Here are two practice problems to test that you understand the proofs of Ceva and Menelaus.

Question 1.

In the barycentric coordinates relative to $\triangle ABC$ on which cevians does the point $G = \frac{2A + 3B + 5C}{10}$ lie?  Hint: Rewrite the expression for $G$ so that $G = xC + yC'$ where $C'$ lies on the opposite side from $C$ .

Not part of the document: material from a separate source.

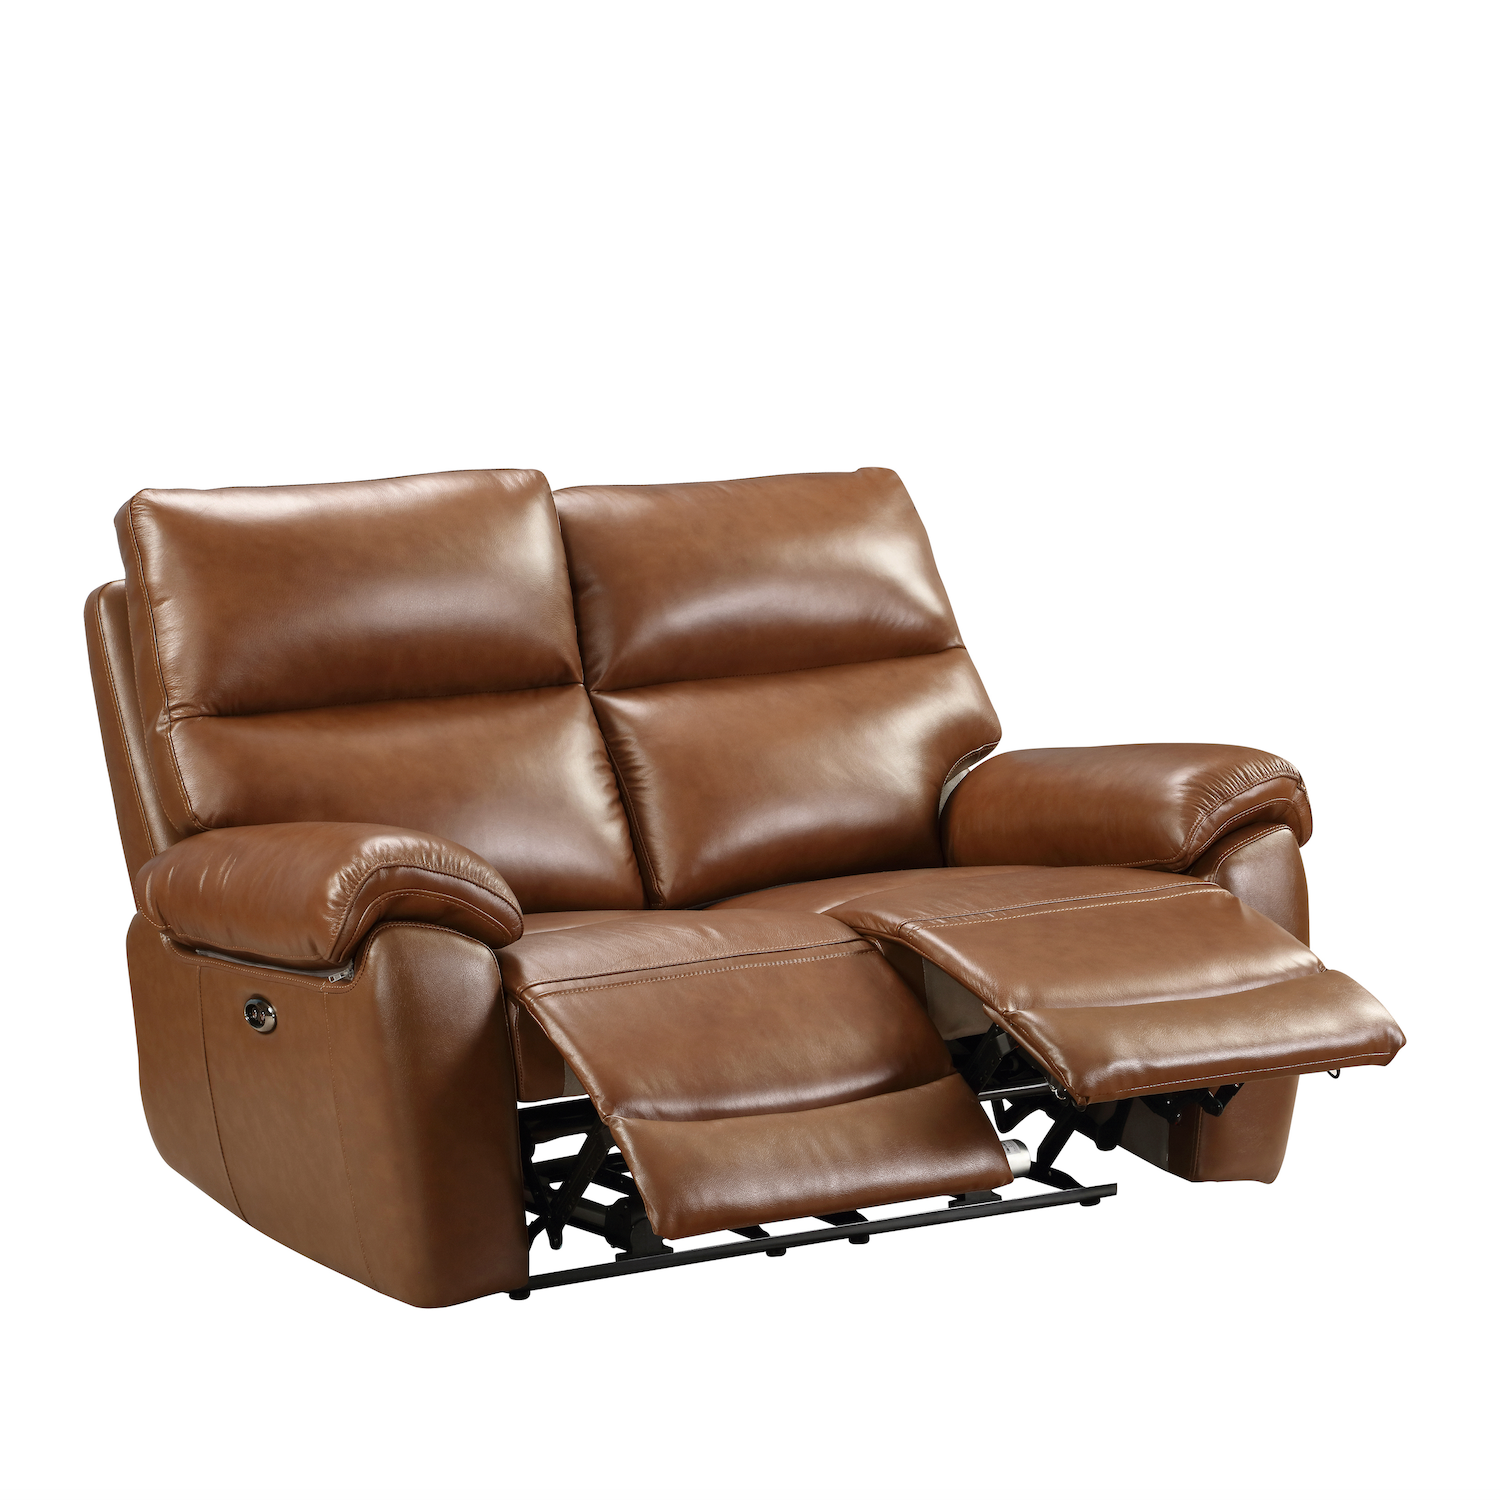 Rocco 2 Seater Power Recliner Sofa Chestnut Leather

In effect, you need to find $C'$ for which $C'(AB)$ and $G(C C')$, for all three points . Here it is for $C'$ . Rewrite $G = ( \frac{2A+3B}{5} ) \frac{5}{10} + \frac{5}{10}C$ which has the form $G = C' \frac{5}{10} + \frac{5}{10}C$. Therefore $C' = (\frac{2A+3B}{5} )$ is the point you seek.

Question 2.

In the barycentric coordinates relative to $\triangle ABC$ let the coordinates be called $(a,b,c)$ for $aA+bB+cC$. Where does the line $2a + 3b + 5c =0$ cross the sides of the triangle? . Hint: We have that $a=0$ for all points on $(BC)$. And we solve $3b+5c=0$ for $b= -5$ and $c=3$. But $(0,-5,3)$ are not the barycentric coordinates of any point because they do not add to one, $0 \ne 0-5+3=-2 .$

The point $A' = \frac{5}{2}B - \frac{3}{2}C$ lies on $(BC)$ and on the line $2a+3b+5c=0$ and is therefore 1/3 of our answer.
As in Cartesian coordinates systems, the coordinates in barycentric coordinate stystems are unique, just as long as they add up to $1$. We can use this uniqueness to solve many geometrical problems.